Yep, that’s the point exactly - it’s like the advice that was in circulation as little as a couple of years ago, about using an easy to remember word, and swapping out some letters for numbers; mypassword becomes myp455w02d - it provides only the feeling of security, which is actually counterproductive, because feeling secure stops people from seeking more actual, real security.

My guess is that if people use these cards at all, they’ll just use the spacebar string as their password. That is much easier than doing all of the manual cryptography.

On the other hand, anything that can get people to use a different password for different logins will greatly increase security.

Another problem that I see with this technique is that it disincentivises periodic changes of passwords. As long as you keep the same card - which I suppose most users will do for a long time -, changing your passwords requires finding a new “secret word” - something which, I suppose, most users won’t do on a regular basis. So they’ll be stuck with the same log-in credentials for a long period of time.

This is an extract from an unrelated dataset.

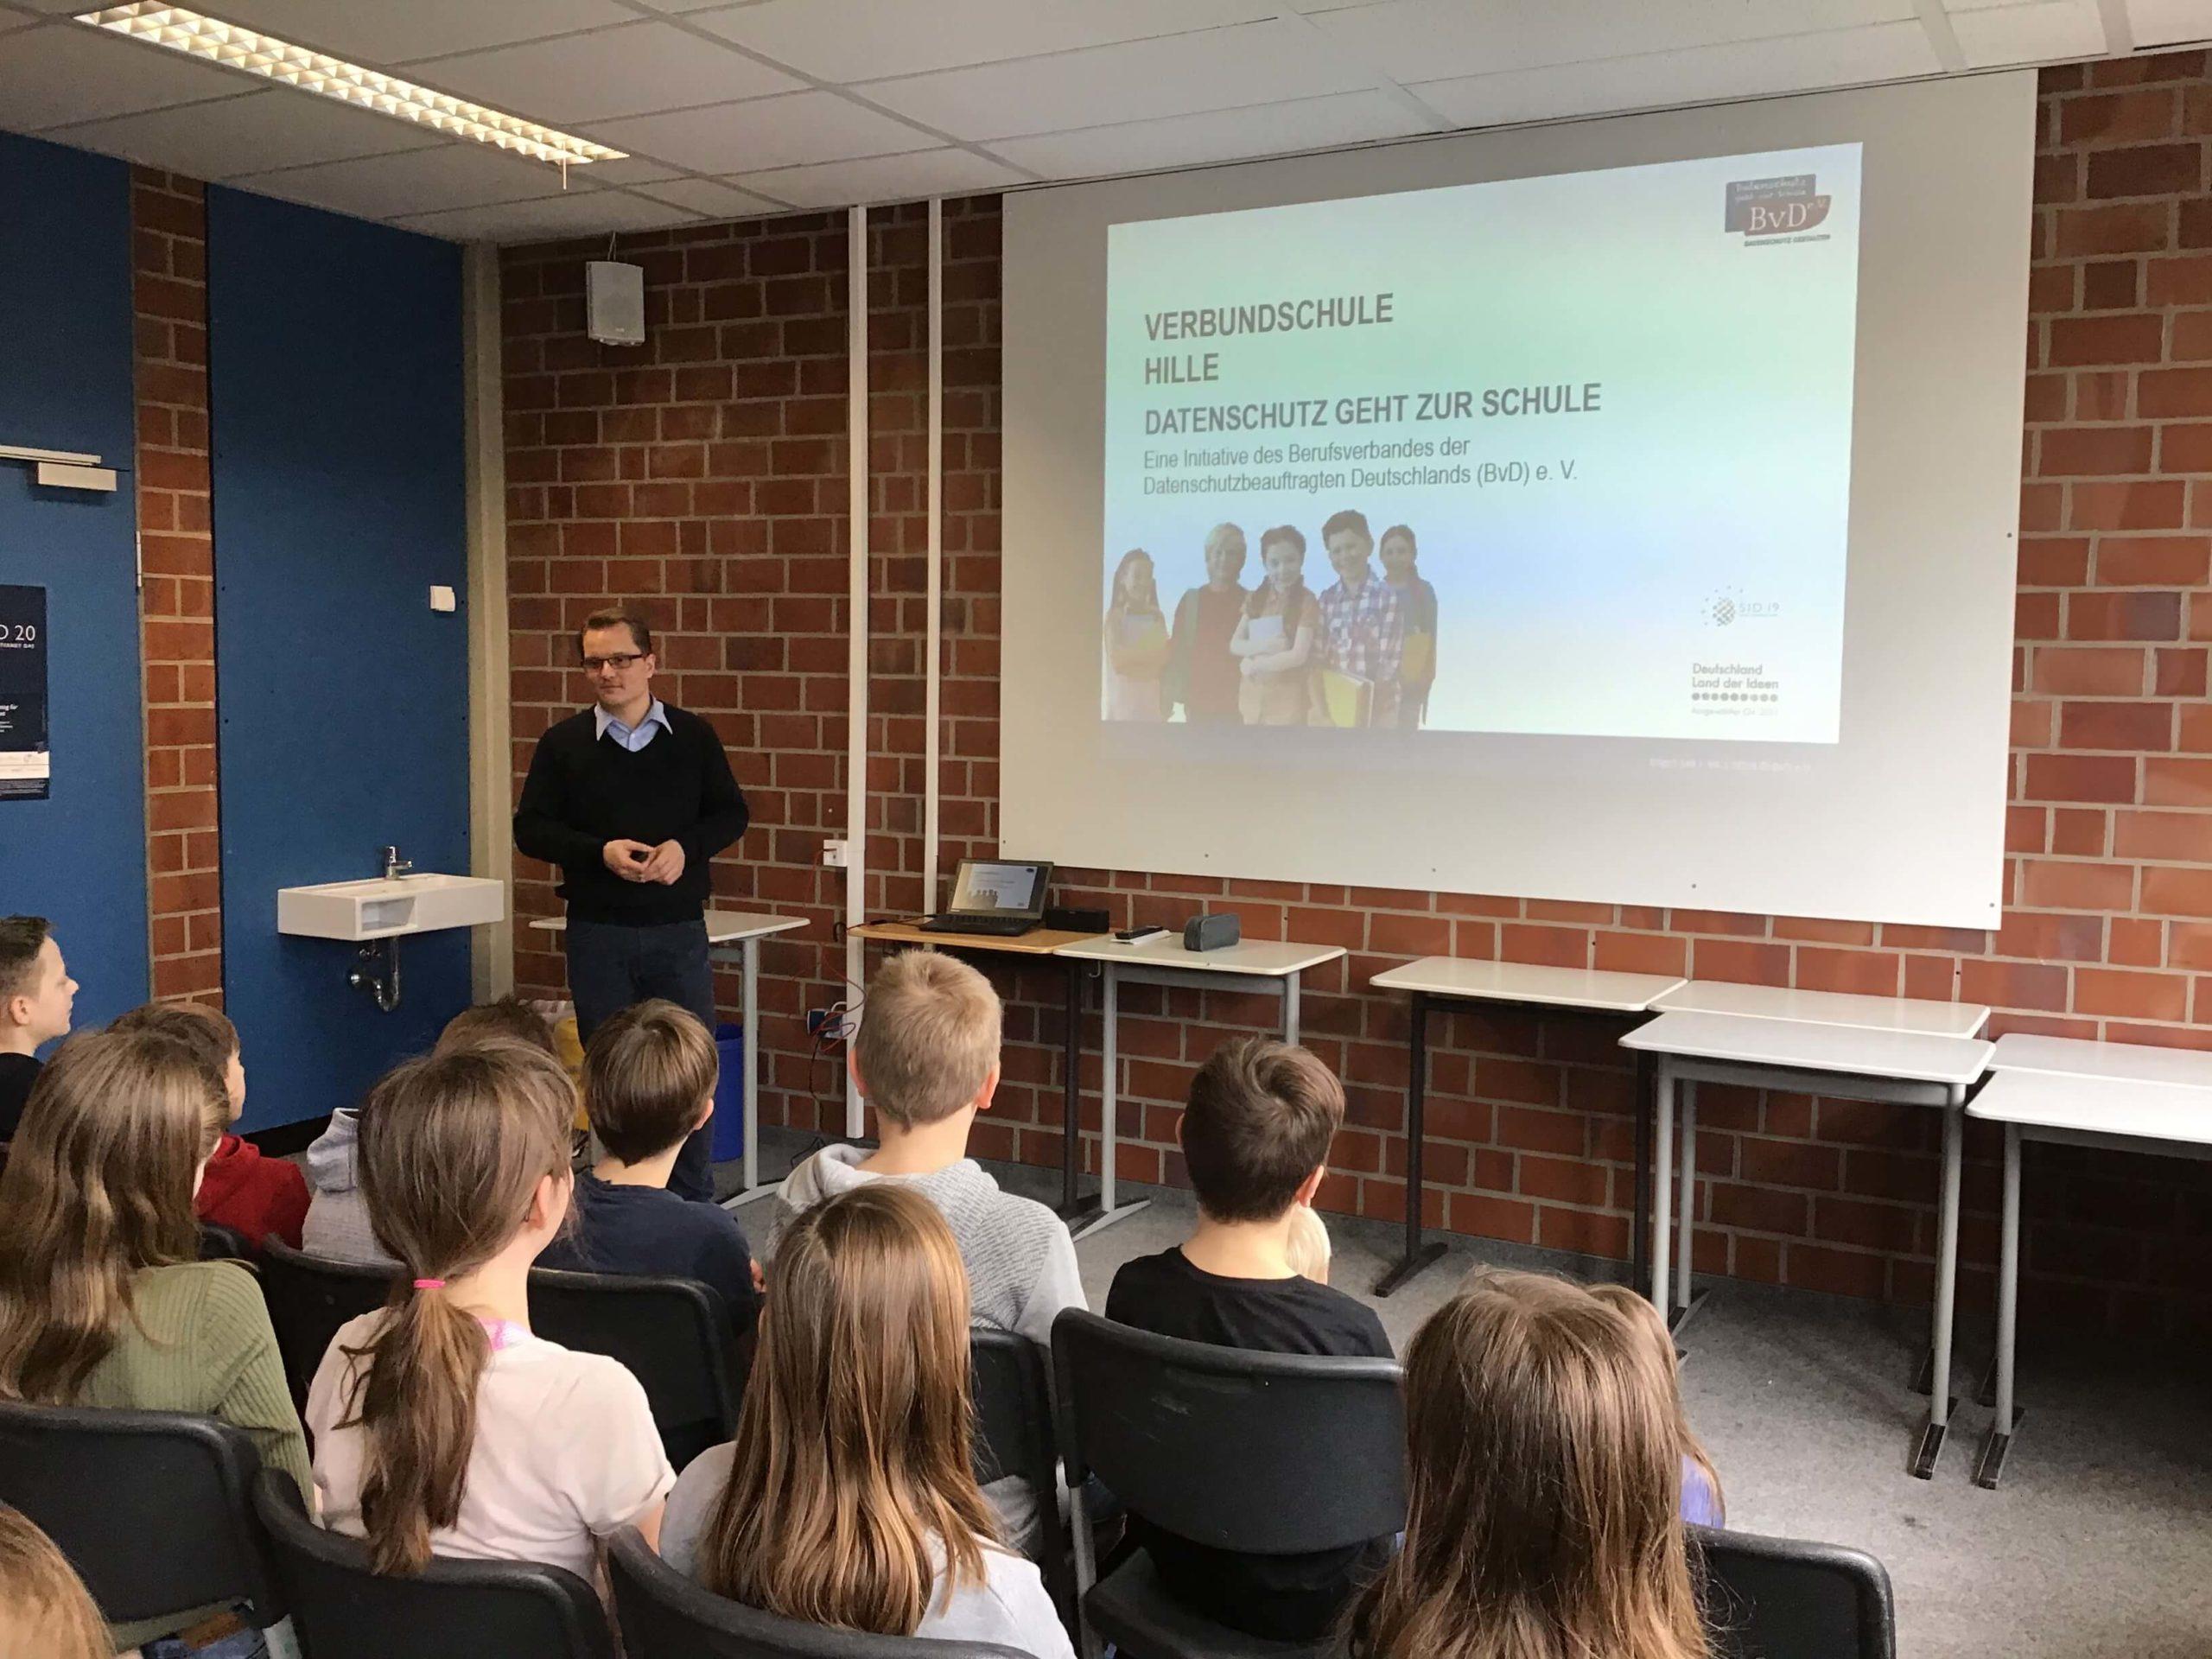 http://www.verbundschule-hille.de/workshop-datenschutz-geht-zur-schule/

My thoughts exactly; just use a password manager.

That’s a feature, not a bug. Periodic changes of passwords decrease security, not increase it.

Do they? I realise that what is considered good practice in passwords varies over time, but I thought the advice to change them periodically is still maintained. What’s the theory behind advising against that? The idea that frequent changes make people pick bad passwords out of sheer laziness or forgefulness?


For diligent people using a PW manager, regular changes are harm-reducing. But for people doing it the old fashioned way with human memory and index cards, frequent changes are harm-producing.

A lot of advice has not kept up with the times. Then again, I suspect PW manager use is still down in the single digits percentage of all internet users.

Yeah, latest advice is that frequent password changes mean that people are nearly always in that phase where they are still adjusting to the new password, and they react to this by choosing simpler passwords, or ones that are easier to remember because they have meaning (which means they are prone to attack by guessing), or they write the password down and keep it close to the computer

And what attack is protected against by changing every six weeks, or whatever it is? Someone got ahold of your password, but waited weeks to use it?

And old password dump from a site. There were historical compromises where the password database stolen was from a non-recent backup.